Cette bande de six mètres doit permettre de relier « en mode doux » cette avenue qui finit en impasse au futur boulevard urbain Sud, lui-même bordé de pistes cyclables. C’est l’amorce d’un second destin pour les Charmerettes. En effet, des négociations ont été lancées avec le département pour rendre public la majeure partie du parc. Le maire de secteur LR, candidat à sa succession, Lionel Royer-Perreaut, en a fait un argument de campagne sous la forme d’une « chaîne de parcs » à travers ses arrondissements.

« L’idée est de maintenir l’allée des pins, du côté du chemin de la colline Saint-Joseph jusqu’à la bastide qui sera rénovée pour accueillir des projets culturels », explique l’élu. Un projet confirmé par le président de la fondation suisse.

NÉGOCIATIONS EN COURS AVEC LE DÉPARTEMENT

Mais le maire de secteur fait également état d’une seconde négociation en cours avec le département pour racheter une grande partie du parc et en faire un « parc urbain départemental de trois hectares, ouvert au public en lien avec le parc Infossi, aujourd’hui géré par la mairie de secteur ». Ce serait donc l’ensemble des terres situées à l’arrière de la bâtisse qui trouveraient ainsi une seconde vie publique, exception faire de la partie du parc qui entoure la bastide et le chalet. Le président de la fondation confirme l’existence de négociations avec le département et la métropole, sans rien préciser de leur avancée. « S’il y a une demande du département, elle sera étudiée et soumise au conseil d’administration de la fondation », se borne-t-il d’observer.

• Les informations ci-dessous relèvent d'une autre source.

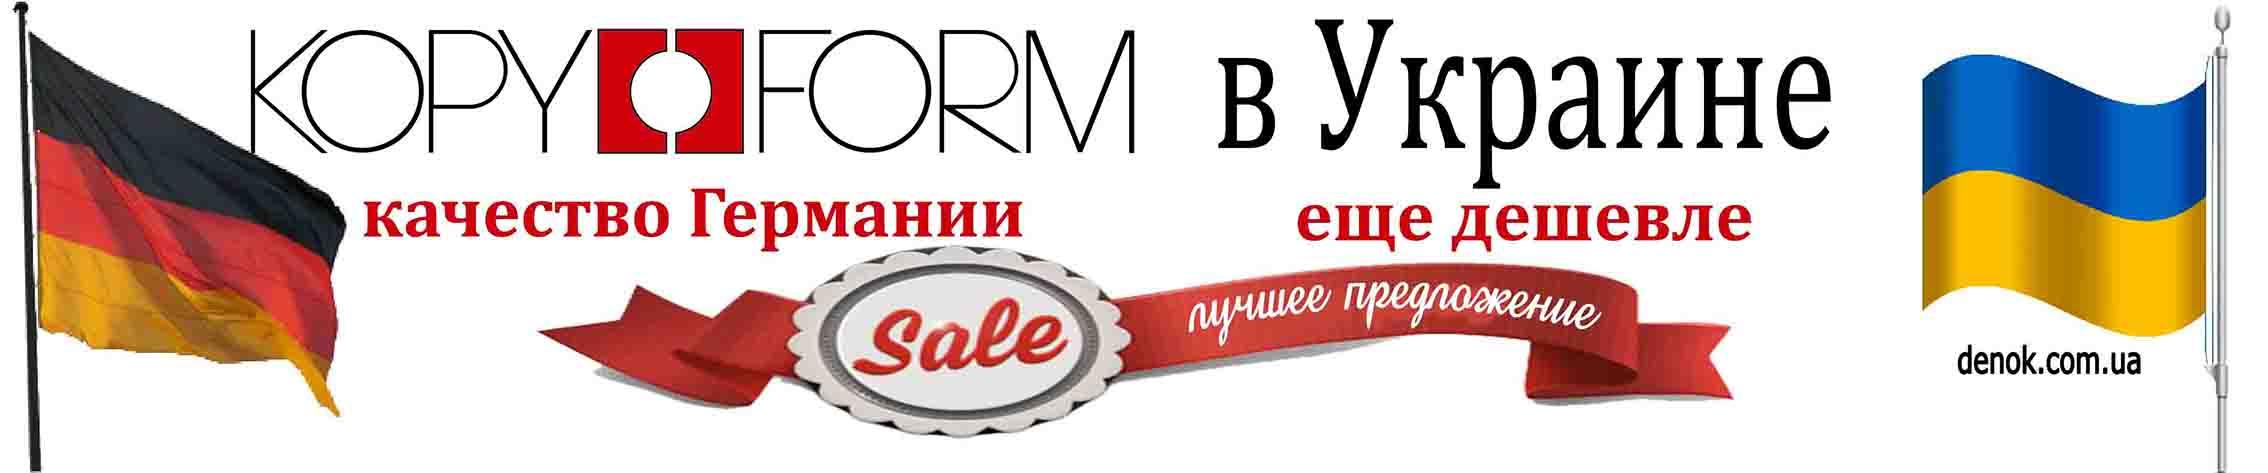 Вафельная бумага Kopyform в Украине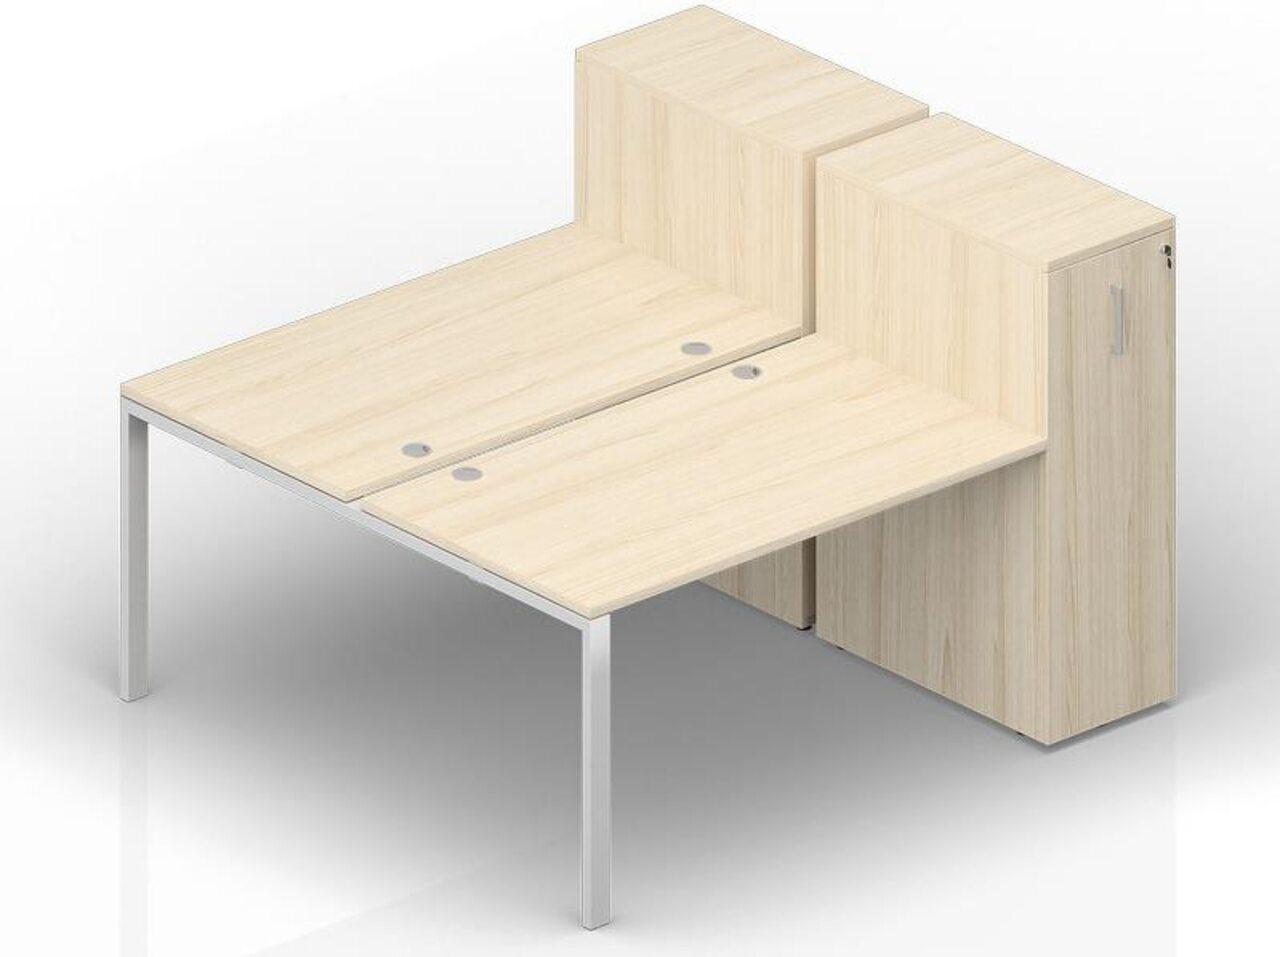 Составной стол на 2 рабочих места с приставными шкафами Tower  Strike 160x165x112 - фото 1

Or, à regarder de près, le plan local d’urbanisme protège le site de plusieurs façons : la bâtisse fait l’objet d’une fiche au titre du bâti remarquable. Le parc apparaît en espace boisé classé. La majeure partie de la prairie est classée en « terrain cultivé à protéger ». Cette protection date de la mise en place du plan local d’urbanisme en 2014. À l’époque, la fondation s’était opposé du classement des terres agricoles pour se laisser la possibilité d’urbaniser une partie du site. Une remarque à laquelle le commissaire-enquêteur, chargé d’organiser l’enquête publique qui invite les citoyens à s’exprimer sur un projet, avait souscrit. La communauté urbaine était passée outre cette remarque en classant l’ensemble des éléments.

TERRES DE COMPENSATION POUR LE BOULEVARD URBAIN SUD

À l’époque, il s’agissait de maintenir ces zones agricoles et naturelles en compensation de celles détruites par le passage du boulevard urbain Sud. À quelques battements d’ailes de palombe, le parc de la Mathilde va être amputé d’une large portion de verdure comme les jardins familiaux Joseph-Aiguier, situés à peine plus loin. L’endroit serait donc idéal pour relocaliser une partie de ces activités agricoles et de loisirs. « C’est la proposition que j’ai faite quand j’ai été élu à la mairie,  reprend le maire de secteur. Pour l’heure, les gens des jardins familiaux refusent l’idée et souhaitent être maintenus sur place ». La présidente du département et de la métropole a gelé cette partie du boulevard pour tenter de trouver un consensus avec les riverains.

Alors qu’il arpente sa pièce de terre où les derniers coquelicots mettent du rouge dans le vert, Jean-Louis Zurbuch fait la moue. Sa terre ne donne plus comme par le passé, du temps où l’eau brute de la Durance permettait une vraie irrigation. « S’ils veulent planter là, je leur souhaite bien du courage », glisse-t-il comme si le destin nourricier du lieu appartenait déjà au passé.